One must account for diffusion in the so-called boundary layer. Since the solution varies rapidly there, Matkowsky stretches the spatial coordinate to find the so-called inner solution that satisfies both a second-order equation and the boundary condition. Finally, he matches the two solutions so that they connect smoothly. The final asymptotic approximation is the sum of the outer and inner expansions less their common parts (so that they are not counted twice).
The standard rubric of MAE fails for problems exhibiting boundary-layer resonance, such as the one under consideration, because there are not enough conditions to uniquely determine the solution (a constant remains undetermined). This process yields a one-parameter family of possible solutions, though only one can be the actual solution. Matkowsky and his colleagues have developed four approaches to rescue the MAE method and offer deeper insights into the asymptotics.
Two of the approaches impose an extra condition to select a single solution from this one-parameter family. The first chooses the solution that is a stationary point of the Euler-Lagrange variational principle associated with the given boundary-value problem. The second replaces the variational condition with an appropriate orthogonality condition. One may think of the former as related to the Ritz method and the latter as related to the Galerkin method.

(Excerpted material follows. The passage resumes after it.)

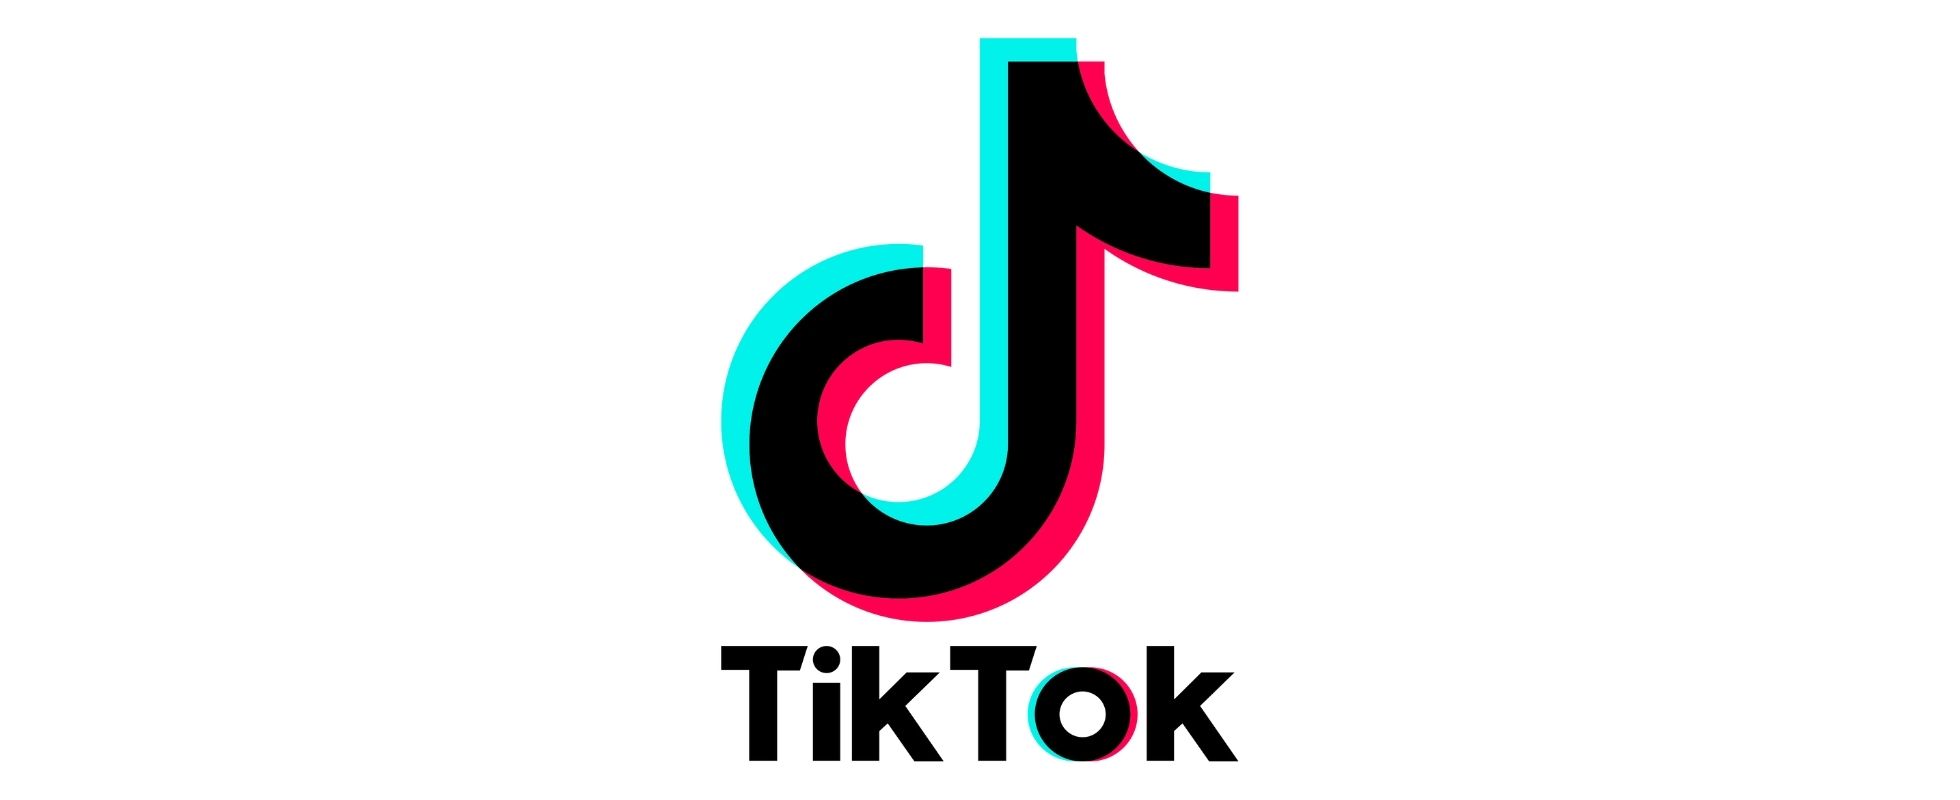 TikTok möchte Spiele zur App hinzufügen Titel

A third approach constructs the boundary-layer function in a different way. Rather than an exponent, which is linear in the stretched variable, Matkowsky employs the Jeffreys-Wentzel-Kramers-Brillouin (JWKB) method, which allows the exponent to be nonlinear; in this case, one boundary-layer function can describe two distinct boundary layers. Finally, a fourth approach employs asymptotics beyond all orders, adding an exponentially small term to the outer expansion. The results of the four approaches are the same. Namely, exit occurs through the left (right) end point if \(a < b\) (\(b < a)\), and exit is equally likely to occur at either end point if \(a = b\).

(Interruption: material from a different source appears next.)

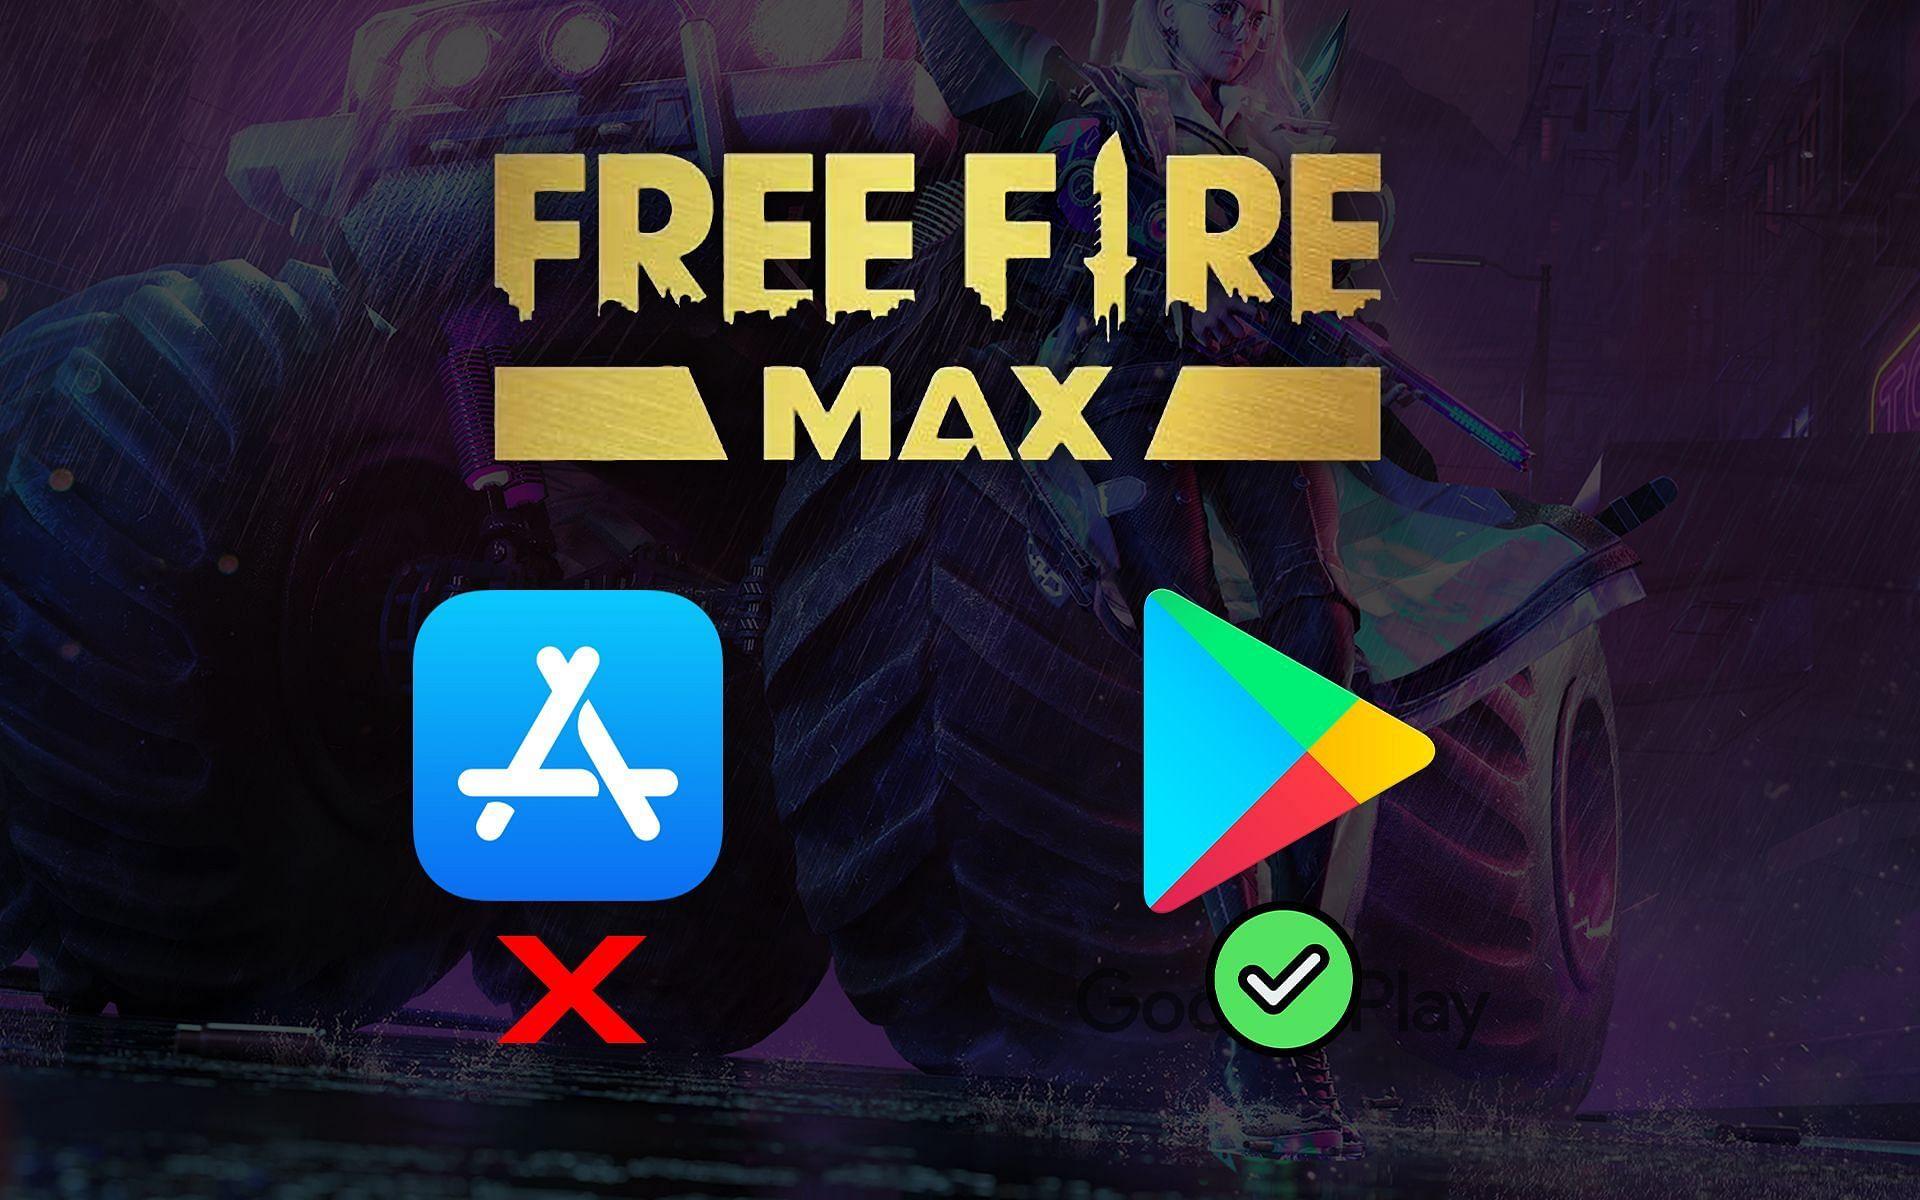 Free fire max foi banido do Brasil e não vai voltar mas o jogo NÃO VAI

With this panoply of tools, one can then explore the detailed behavior of such fundamental physical processes as chemical reactions and atomic migration in crystals, among others. The important physical observable, e.g., the reaction rate, can be modeled as the random escape of a particle from a potential well. Specifically, the rate is half the inverse of the mean escape time. The factor “one half” enters because the particle is equally likely to exit or return to the well once it reaches the boundary.
Matkowsky’s lecture is available from SIAM either as audio or as a PDF of his slides. Alternatively, one can access it on Matkowsky’s departmental website.
Since 1960, SIAM has annually recognized a John von Neumann lecturer for outstanding and distinguished contributions to the field of applied mathematical sciences, and effective communication of these ideas to the community. The award honors John von Neumann (1903-1957), one of the most prolific and articulate practitioners of applied mathematics in the 20th century. “The von Neumann Lecture is particularly meaningful to me since four of the previous awardees were my teachers and inspirations,” Matkowsky said. “These include Kurt Friedrichs, Peter Lax, Jurgen Moser, and most importantly to me, my advisor and friend Joe Keller.”